Service of process is a legal term of art which essentially describes the process in which plaintiffs notify defendants of a pending suit. When the plaintiff files a complaint with a court, any defendant in the case must be given notice of the pending case and an opportunity to be heard and defend themselves against the complaint. This requirement is a basic constitutional right conferred upon everyone who has been accused of some wrongdoing and it is the accuser’s responsibility to ensure that the constitutional right of the accused is protected. The importance of service of process to our legal system and the rights of defendants makes it necessary for trial courts to dismiss actions, without regard to the merits of the plaintiff’s claims, if service of process is deficient in some way or another.

Thus, the trial court dismissed Ms. Johnson’s suit for those reasons and Ms. Johnson filed a motion to appeal. The Louisiana Code of Civil Procedure Article 2126 explains what is required of a party appealing a decision by a state trial court. Under the law, when a plaintiff files a motion to appeal a trial court’s decision and an order of appeal has been granted by the court, the clerk of the trial court must estimate how much it will cost to prepare the record and the filing fee required by the court hearing the appeal.

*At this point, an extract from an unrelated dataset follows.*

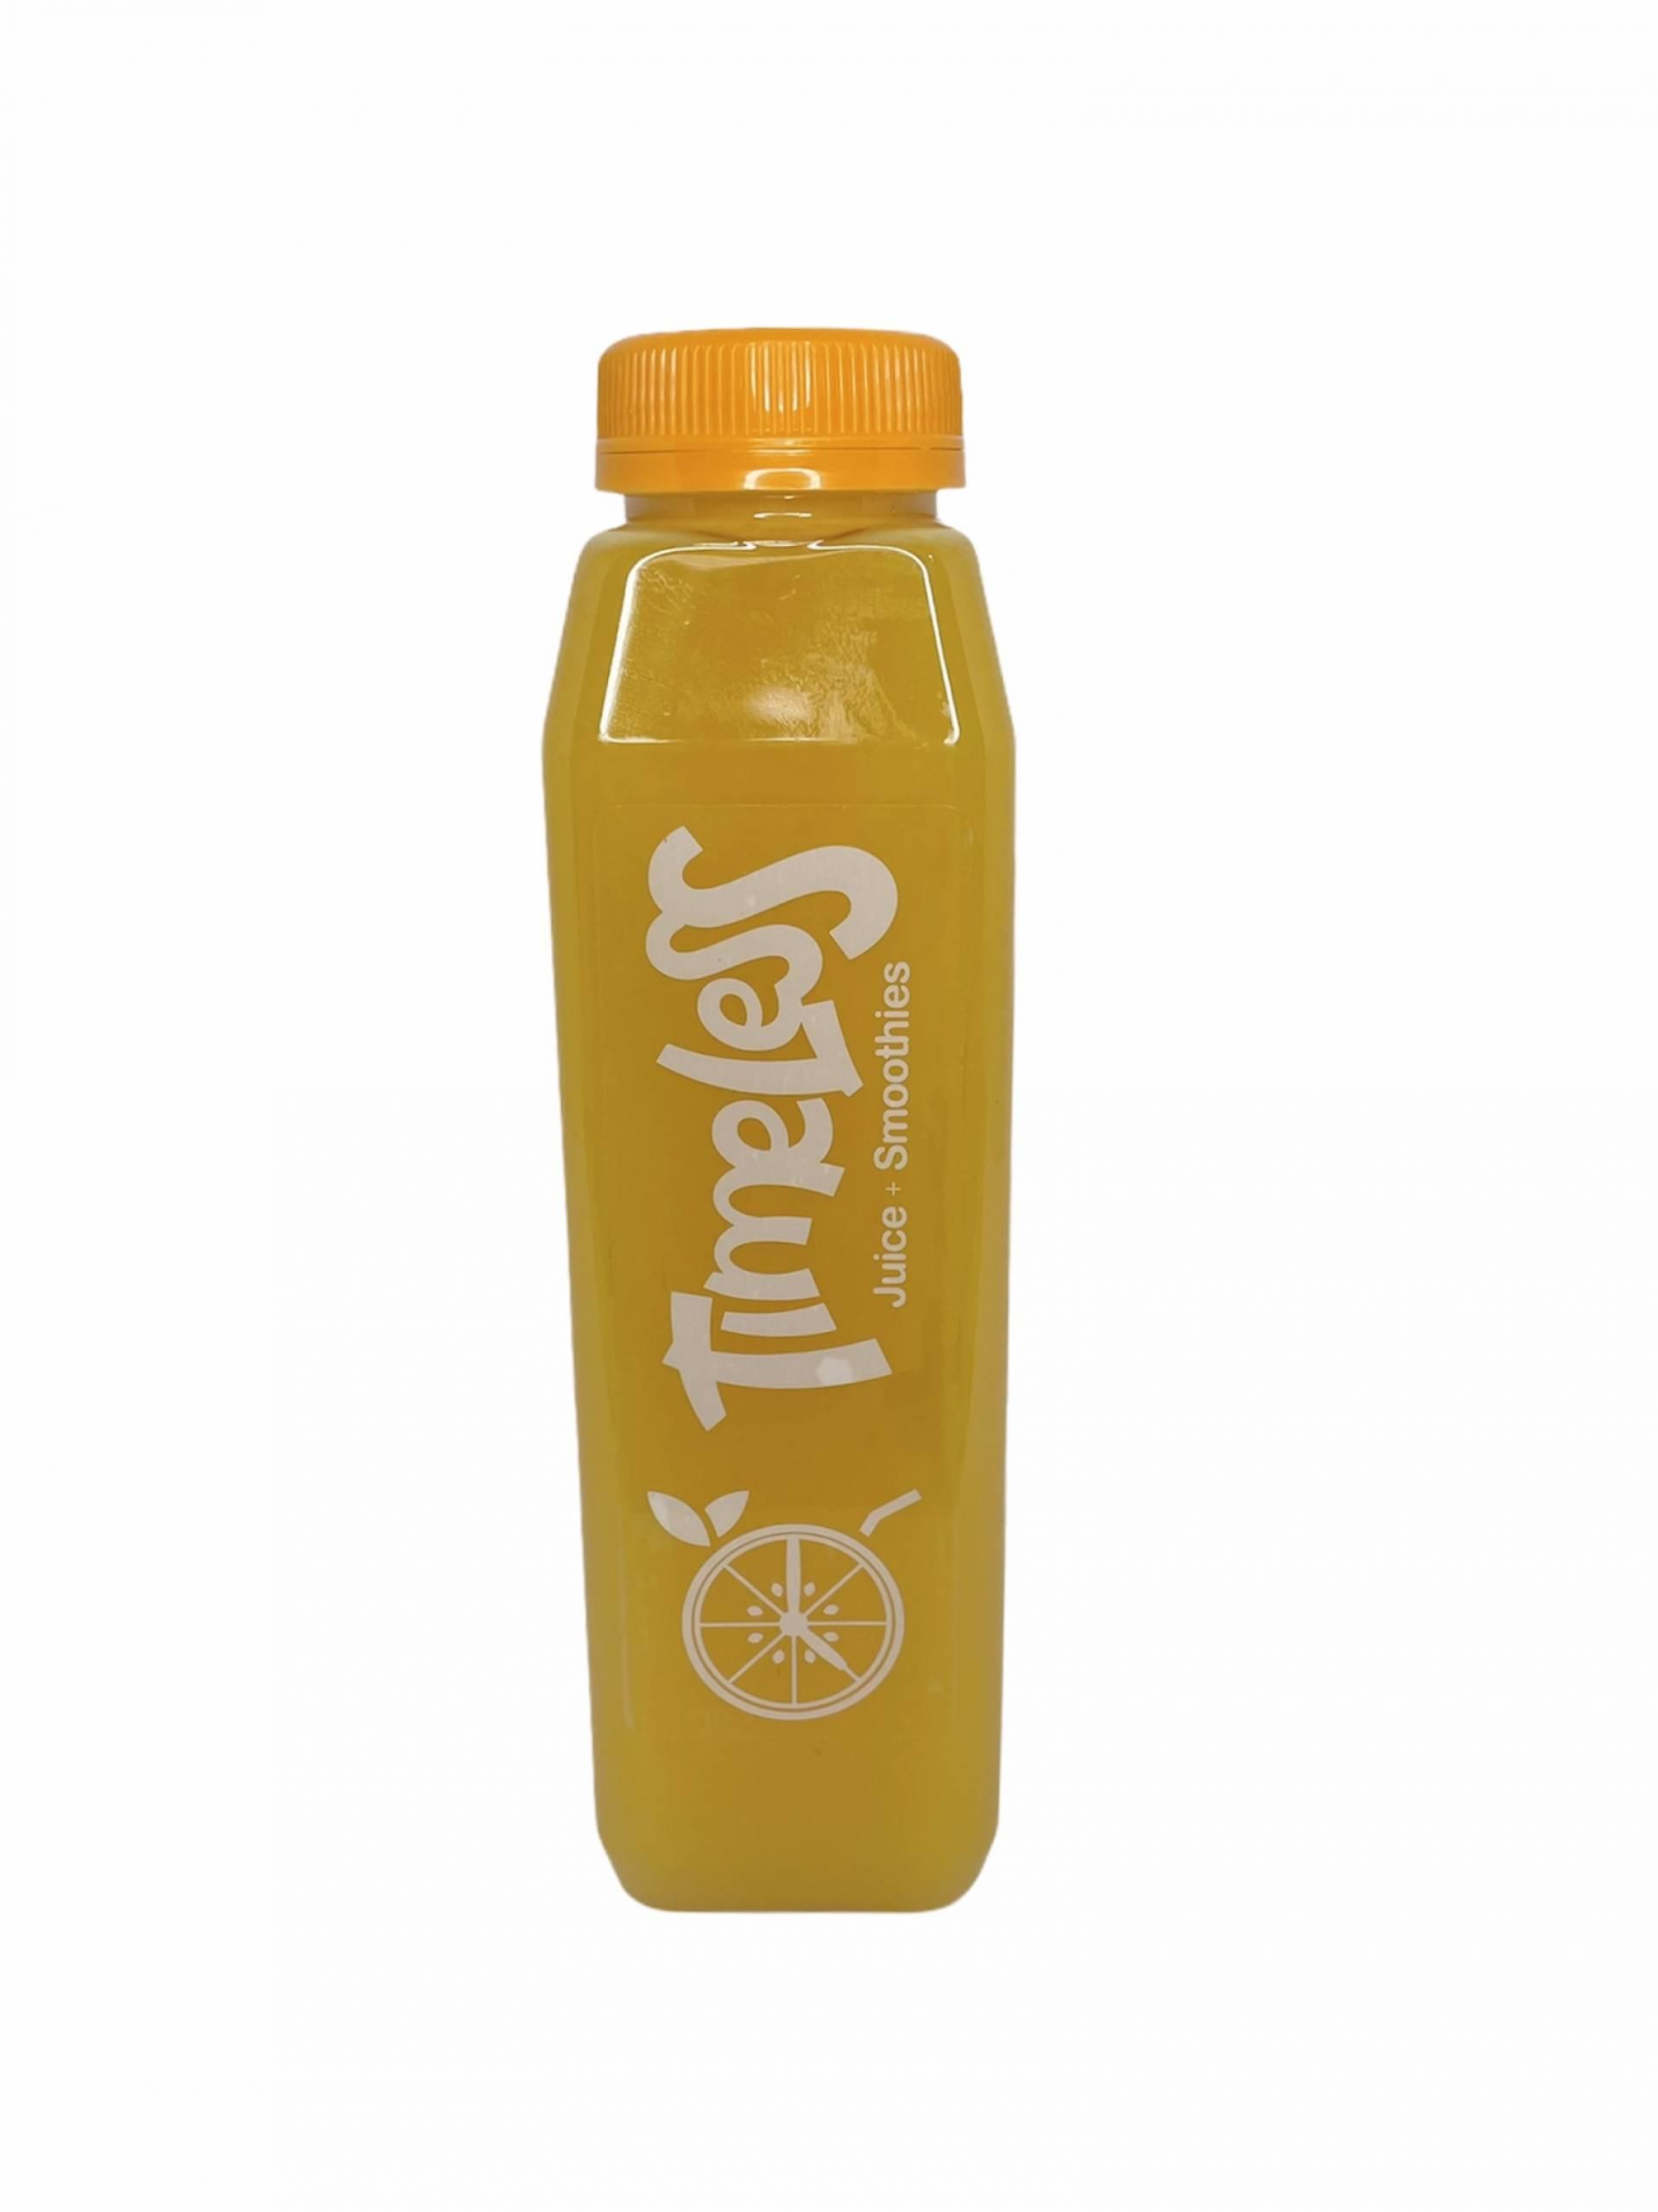 Timeless Juice - Citrus Delight

The clerk then must notify both parties of the costs by mail and the person appealing the trial court decision, the “appellant,” must then pay the estimated costs within twenty days of the mailing. An extension may also be granted for an additional twenty days for good cause if requested by the appellant. Alternatively, the appellant may also apply for a reduction in the costs if they are shown to be excessive and the application is filed within the first twenty day period. If there is any difference between the actual and estimated costs after preparation is complete, then the difference must be paid to the appellant if the estimate was excessive or paid to the clerk if the costs were insufficient.

Ms. Johnson, however, failed to pay the costs within the twenty day period or request an extension. Under Louisiana law, if the appellant fails to pay the estimated costs in a timely fashion or request the necessary extension, the trial court may either (1) dismiss the case as abandoned, or (2) grant a ten day extension and dismiss the appeal as abandoned if the costs are not paid within that extension. Both the trial court and the other party in the suit can file a motion to dismiss the appeal on grounds of abandonment under that law. In the instant case, Ms. Johson failed to pay the estimated costs, failed to request and extension and failed to request a reduction in the estimated costs due to excessiveness. As a result, the defendants moved to dismiss the appeal and the trial court granted the motion to dismiss the appeal as abandoned.

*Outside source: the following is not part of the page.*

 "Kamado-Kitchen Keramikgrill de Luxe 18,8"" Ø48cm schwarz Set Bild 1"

The third circuit, however, reversed and reinstated the appeal on review. Ms. Johnson appealed the trial court’s decision to dismiss the appeal mentioned above. The appellate court analyzed the law described above, particularly the law’s desired purpose and effect. In essence, the Louisiana law which requires appellate costs to be paid in a timely fashion by appellants serves two main purposes. The primary purpose of the law allows a court or a party to dismiss an appeal because the appellant has filed an appeal but has decided to abandon it. This protects the integrity of the court by making the appeals process efficient for parties who truly wish to appeal a trial court’s decision. The trial court’s decision might be erroneous, and the party seeking appeal may have a desperate need for relief and a reversal of the earlier decision. Appeals which lack merit and were filed out of temporary frustration with the holding might later be reconsidered later and abandoned. Without the law requiring the timely payment of fees, the system would have difficultly ensuring the timely and efficient resolution of appeals which are honestly filed and meritorious.

Conversely,the victorious party in trial court (the “appellee”) should not be forced to wait anxiously for the disposition of an appeal which has been in fact abandoned by the appellant. The appellant, by necessity, files an appeal because he or she believes that the trial court has either misapplied the correct legal standard, applied the wrong legal standard, or has relied on clearly erroneous findings of fact in reaching his legal conclusions. If the appellant then later abandons his claim but does not formally notify the court or the appellee, then neither the court nor the appellee have any notice that the claim has been abandoned. This could allow a losing party to file an appeal with no intention of appealing the trial court’s decision use the appeal to temporarily threaten the winning party at trial. To prevent appeals that lack merit or are based on ill motive, the Louisiana Code of Civil Procedure requires the appellate to pay the estimated costs to the clerk and provides the appellate with the opportunity to both contest the amount of the estimate or request an extension if good cause is shown.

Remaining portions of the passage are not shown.